Yaroslavl Pretrial Detention Centre no. 1 is a bleak brick building crowned with barbed wire on the banks of Russia’s River Volga.
We’re there to meet a former inmate, Yevgeny Makarov.
He had just spent six years and eight months inside – here and at another of Yaroslavl’s insalubrious jails.
The prison guards don’t want us to film. Not missing a beat, Mr Makarov thrusts his mobile phone camera in their faces and demands to know what their problem is. He won’t let up. Eventually they leave.
It’s plucky from a man who 18 months earlier was lying handcuffed to a table, stripped from the waist down with a roomful of guards taking turns to beat him.
“They punched me on my feet, in my face, choked me with a towel, they poured water into my mouth so that I suffocated. I died four times because of that and they brought me back to life four times,” he says.
They didn’t beat the spirit out of him.
We know all this because there’s a video. Torture in Russian jails is nothing new. Seeing the brutal evidence of it is.
It is a hard watch. Mr Makarov’s telling of it is unpleasant enough but he doesn’t describe how he yelled.
His case caused a public outcry but only because the video was leaked – the publicity shaming Russia’s prisons service into carrying out nationwide inspections and prosecuting the guards involved.
Thirteen of the guards now sit behind bars awaiting trial. Another is under house arrest. Mr Makarov points out their windows. “I hope, I deeply hope that these sadists are punished,” he says.
Mr Makarov’s lawyer, Irina Biryukova, from the human rights group Public Verdict, had been busy long before the video came out.
She had complained to prison authorities that Mr Makarov and others were being beaten. She had brought their case to the European Court of Human Rights which had ordered authorities to look into it.
The video was leaked one year later. Only then was there a response.
It’s thrown the spotlight on a culture of torture and abuse in Russia’s jails. Ms Biryukova says the publicity from the video has emboldened others to speak out.
He said: “We’re receiving a very big number of reports from convicted people from other prisons from all over Russia.

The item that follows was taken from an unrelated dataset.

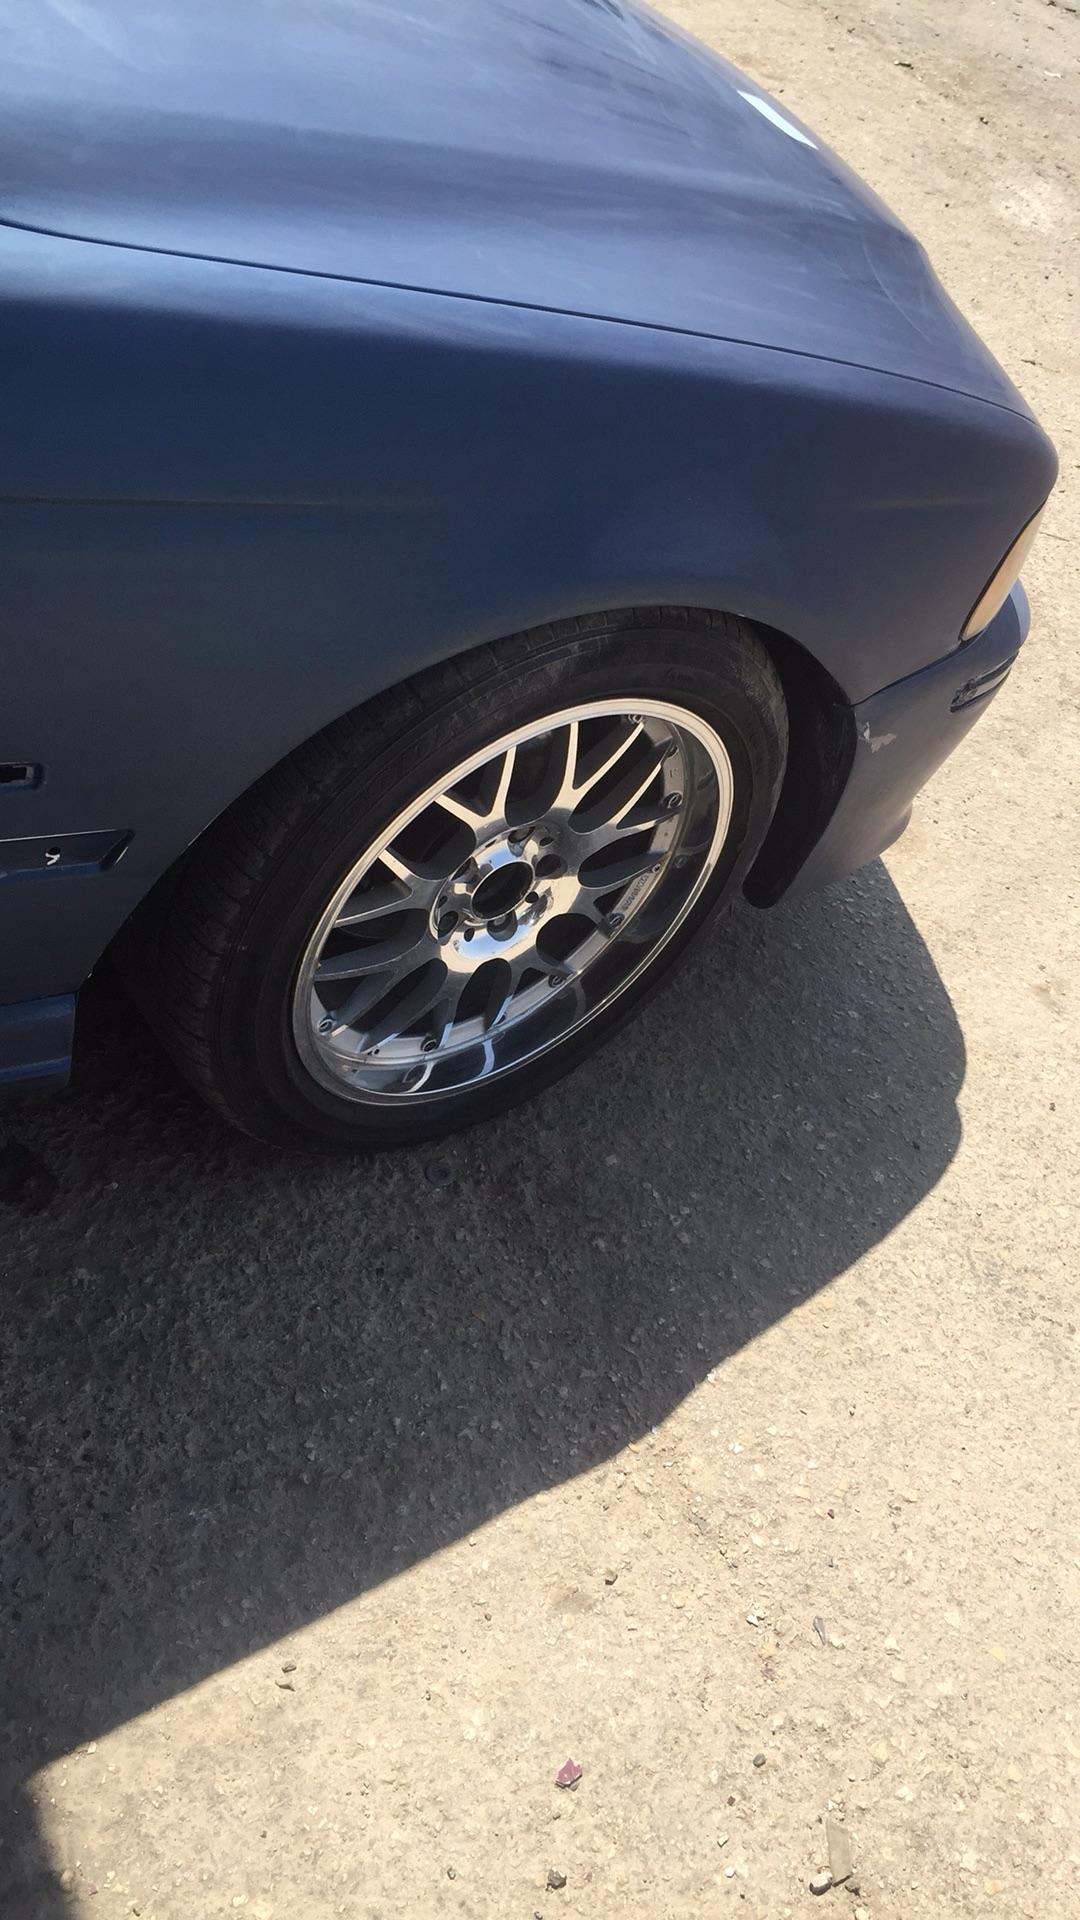 Tire.ae لإطارات السياراتمن خلال التركيز على مزج دعم العملاء الممتاز مع المبيعات، تقدم Tire.ae -  جنط bmw لا تنسَ أنك شاهدت...

“We started to work with them. This shows us that people stopped being scared and began to talk about the problem of torture.”
This Monday is Human Rights Day. It marks 70 years since the United Nations General Assembly adopted the Universal Declaration of Human Rights.
It comes at a time when Russia is threatening to leave the Council of Europe, and if it does, the jurisdiction of the European Court of Human Rights (ECHR).
The ECHR has long been a final recourse for Russian citizens and one that has repeatedly held the state to account for human rights abuses.
Most recently the court ordered Moscow to pay opposition politician Alexey Navalny a £25,000 fine for his repeated detentions.
At a Moscow conference to mark the anniversary, Russia’s Human Rights Commissioner Tatyana Moskolkova was hosting her Eurasian counterparts.
It’s a mark of where Russia’s focus lies. ‘Sharing human rights best practice’ was the name given to the event. From Iran to Kazakhstan, the line-up of attendees were not known for their stellar human rights records.
Ms Moskolkova told us she would regret any departure from the ECHR. “The Council of Europe without Russia is not a complete organisation,” she says.
“The same I believe for Russia. Without international human rights bodies, that would be a step back.”
What is surprising about Mr Makarov’s case though is the fact that the pressure came from within.
A video that was leaked by an insider and brought to the attention of an independent media outlet had the power to initiate a shift.
The trial hasn’t started yet but Ms Biryukova thinks the chances of justice being served are high because of the publicity.
Russia’s Federal Penitentiary Service has now documented a further 168 violations in prisons and detention facilities across the country and says those involved will face disciplinary charges.
Whether they will follow through on each and every case is another story but it is a start.
There is little to celebrate in the battle against abuse in Russia’s jails; this is a small but significant victory.